Wednesday, November 23, 2016

Way Back When-esday - Everyone Makes Mistakes...

...the Thanksgiving Eve episode.

Way back when, when Darren and Sarah were wee one-year-olds, I made a classic maternal mistake---one I've remembered each and every year on this day since.

Excerpted from Twinspiration: Real-Life Advice from Pregnancy through the First Year and Beyond, the self-exposing chapter entitled "Everyone Makes Mistakes," enjoy...and feel better.
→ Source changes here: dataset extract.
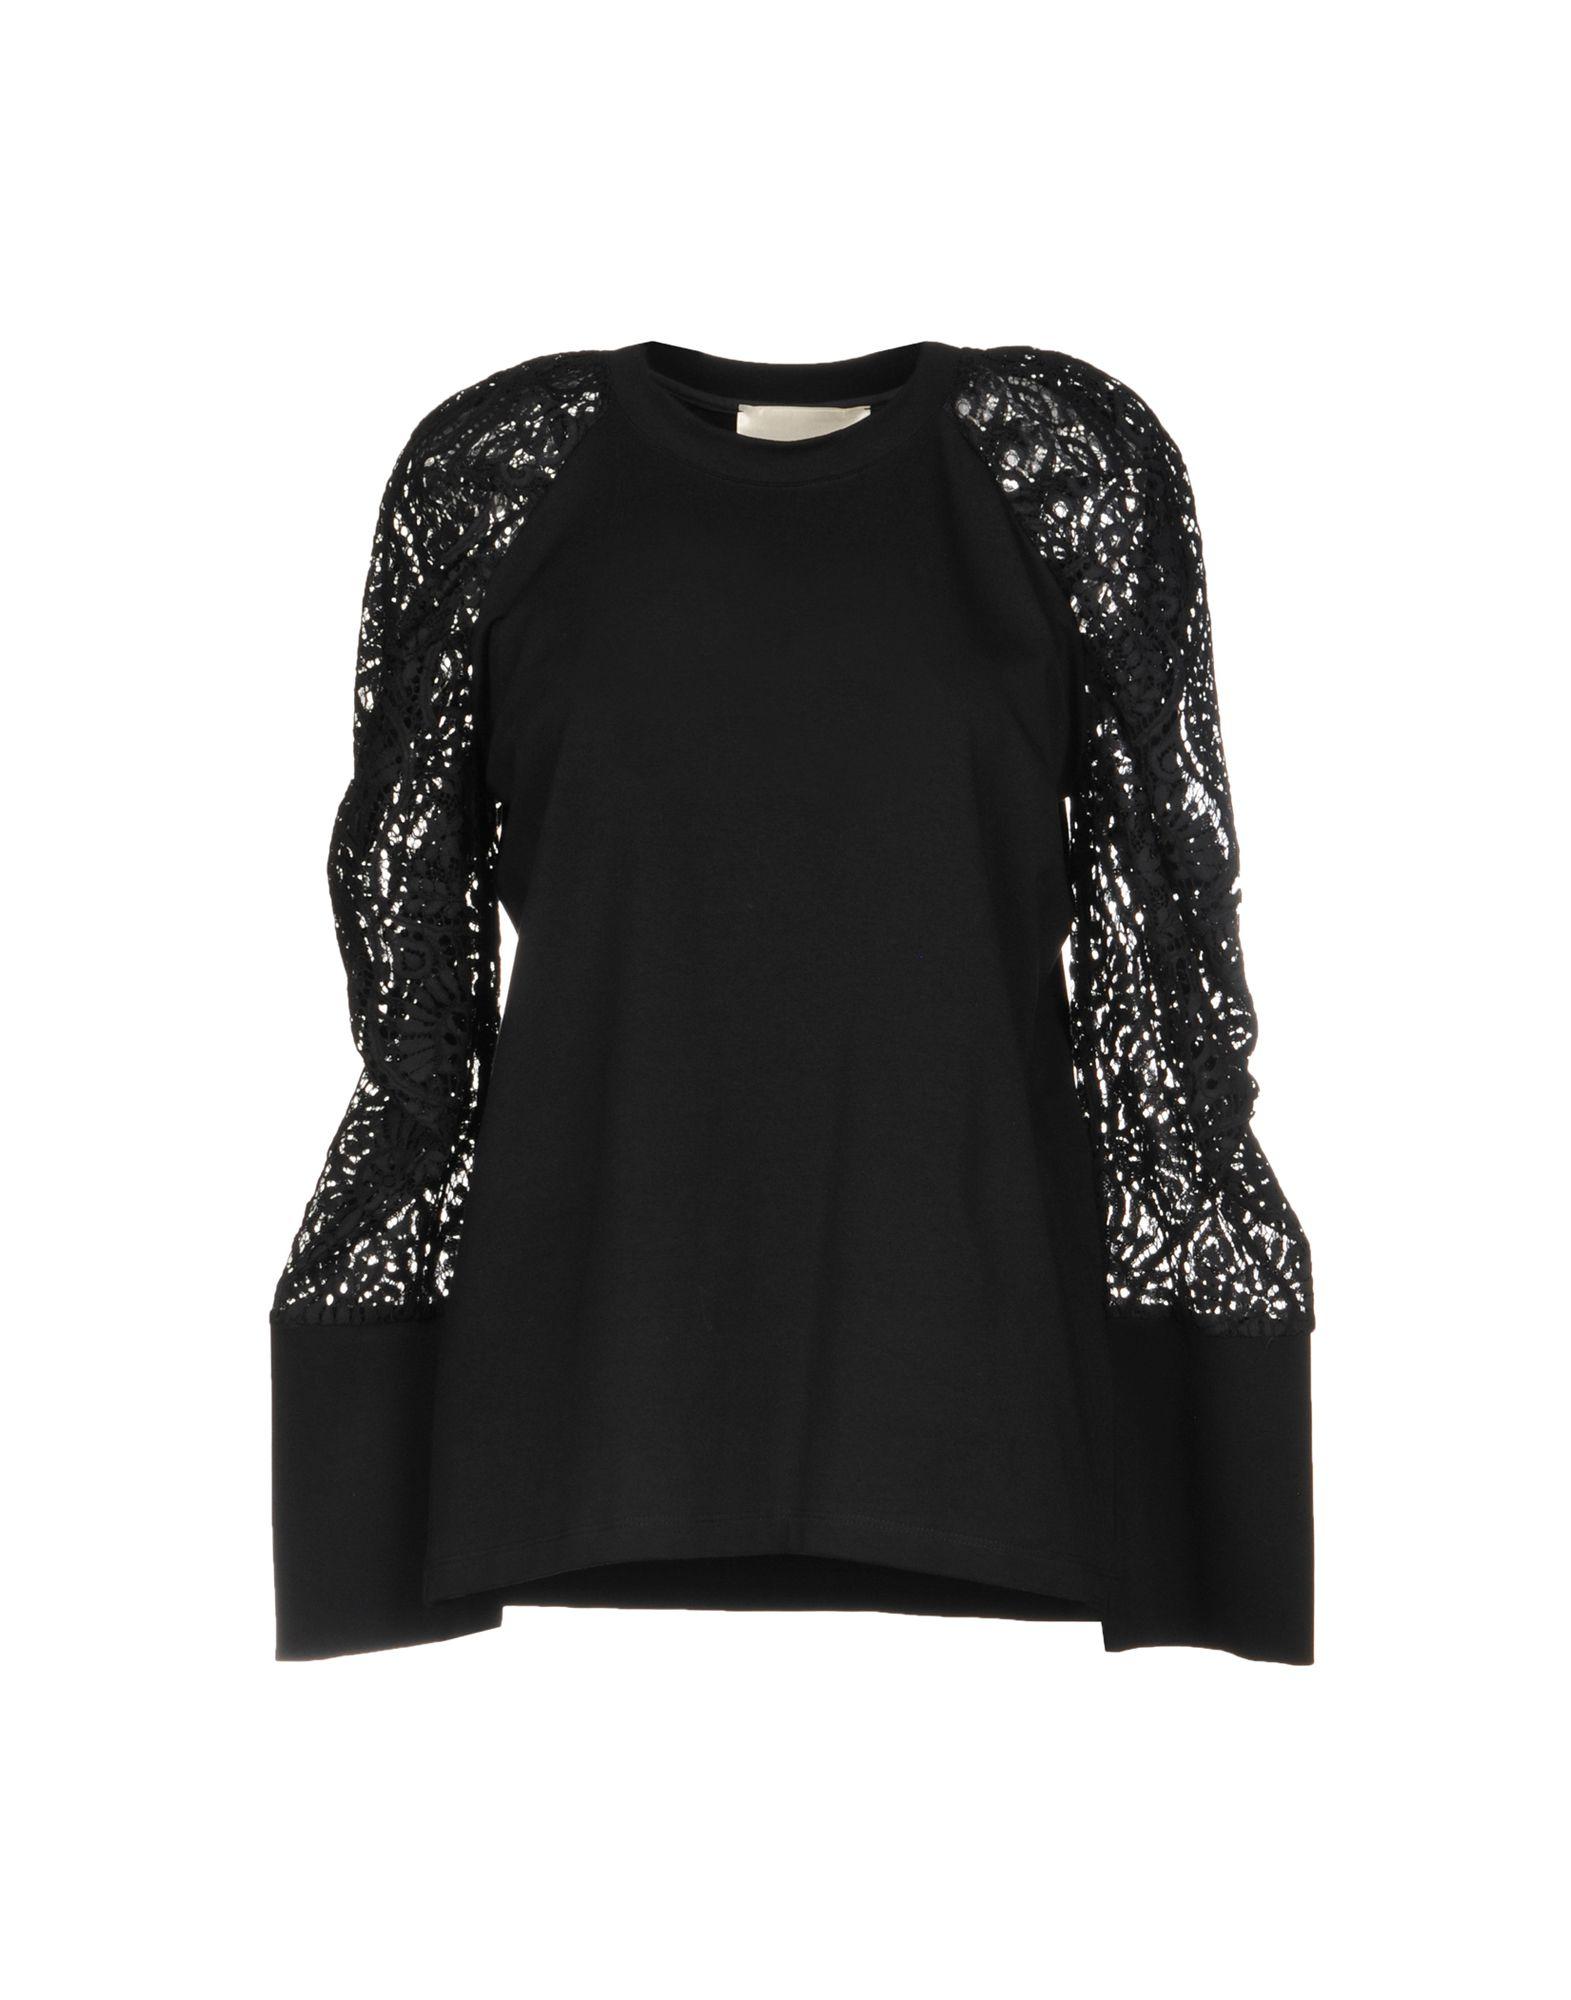 TILL.DA Sweatshirt in Black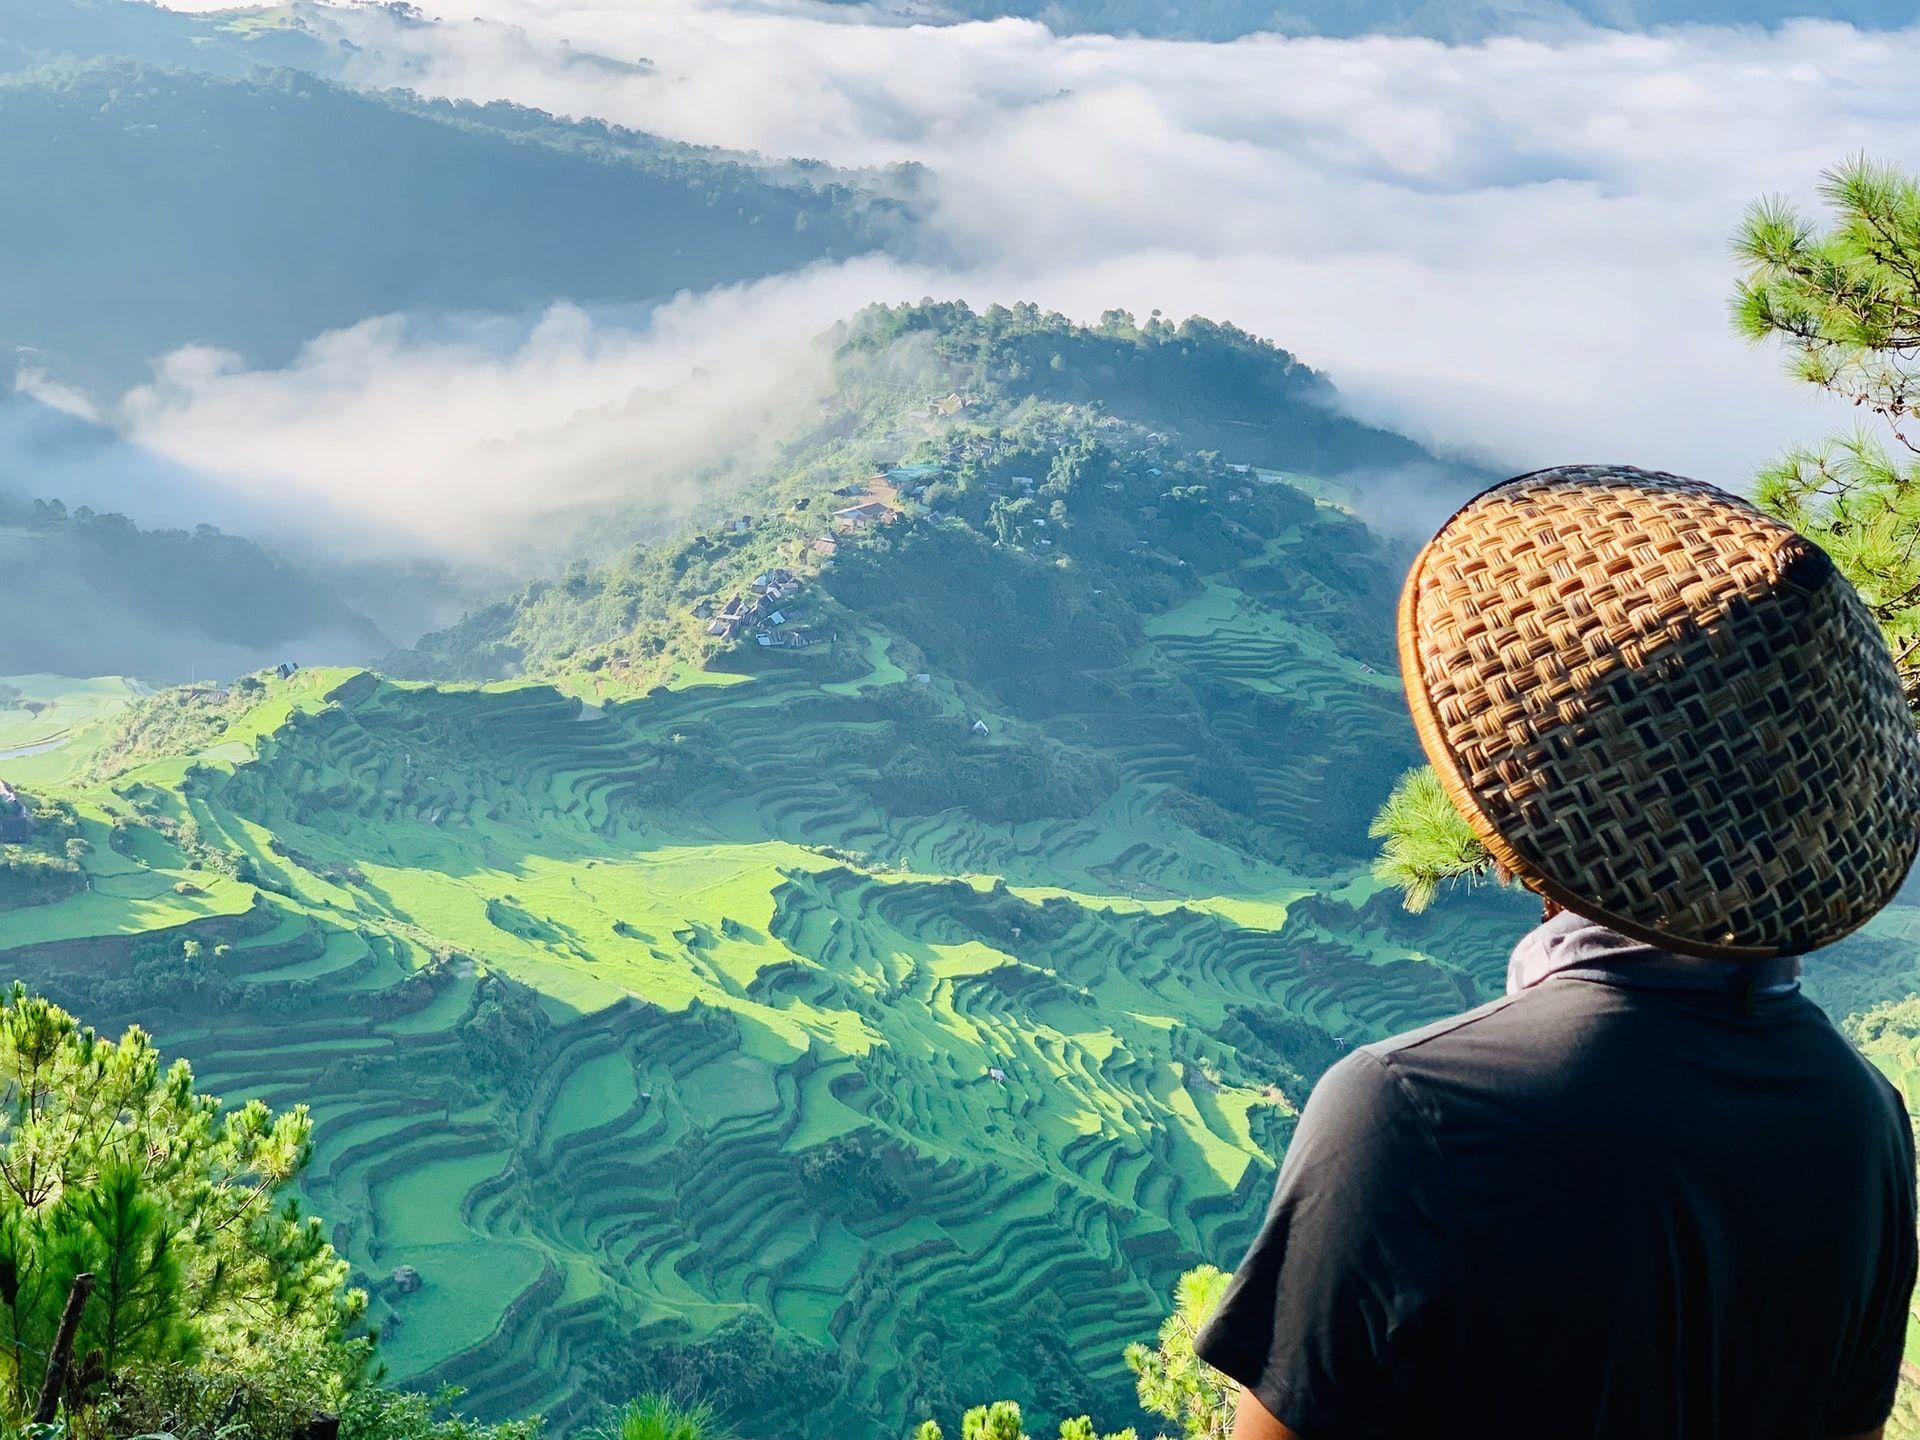 Maligcong, Bontoc, Mountain Province, Philippines | Photo by Michael Rivera on Unsplash

We all make mistakes...some bigger than others.

Dateline: November 2002 
Twins’ age: 14 months 

Thanksgiving grocery shopping.  Using the “push-double-stroller-with-one-hand-in-front, while-pulling-grocery-cart-behind-with-other-hand method”, we complete our Thanksgiving grocery shopping on Thanksgiving Eve afternoon.  The bag-man at Food Lion, in every effort to be helpful on this busy shopping day, offers to bring my cart to the curb once I have loaded the babies in the car.  After his continued insistence, I go along.  Pulling up to the front of the store, the bag-man is no where to be found.  Not wanting to honk, I turned off the car to wait.  Finally, realizing he has no doubt forgotten, I decide to pull directly in front of the automatic door, crack the back car windows for the babies, and run in the door quickly to signal the man for our cart.  Better lock the car doors.  Don’t want the gifts for which I am most thankful to be at risk even for a few seconds.  As I shut the car door, I see my keys.  In the ignition.  Ugh.  Signaled for my groceries, and for a call to the police, alerting them to my “two infants locked in the car” faux pas.  The crew at Food Lion was fantastic, and far more panicky than I was.  Needless to say, the babies were fine.  We made goofy faces at them from the outside (as I usually do), so nothing seemed out of the ordinary to them.  Another employee owned a similar model car, and offered to “break in” mine as he often did into his.  After being told the wait was upwards of 45 minutes for the auto locksmith, this young, gallant  Food Lion employee had us in our car within 5 minutes.  Knowing the time, anguish, and money he had saved us by his feat, I was desperately trying to shove cash into the young man’s hands.  His response?  “Buy something nice for the babies.  They’re cute.”  My faith in Generation X was thoroughly restored.  However, upon recounting this tale to hubby, it took a while for his faith in Mommy to be restored. When this car died a few months later, we purchased a used Volvo station wagon. In addition to the incredible safety rating, an undeniable selling point was that you cannot lock yourself out of the car.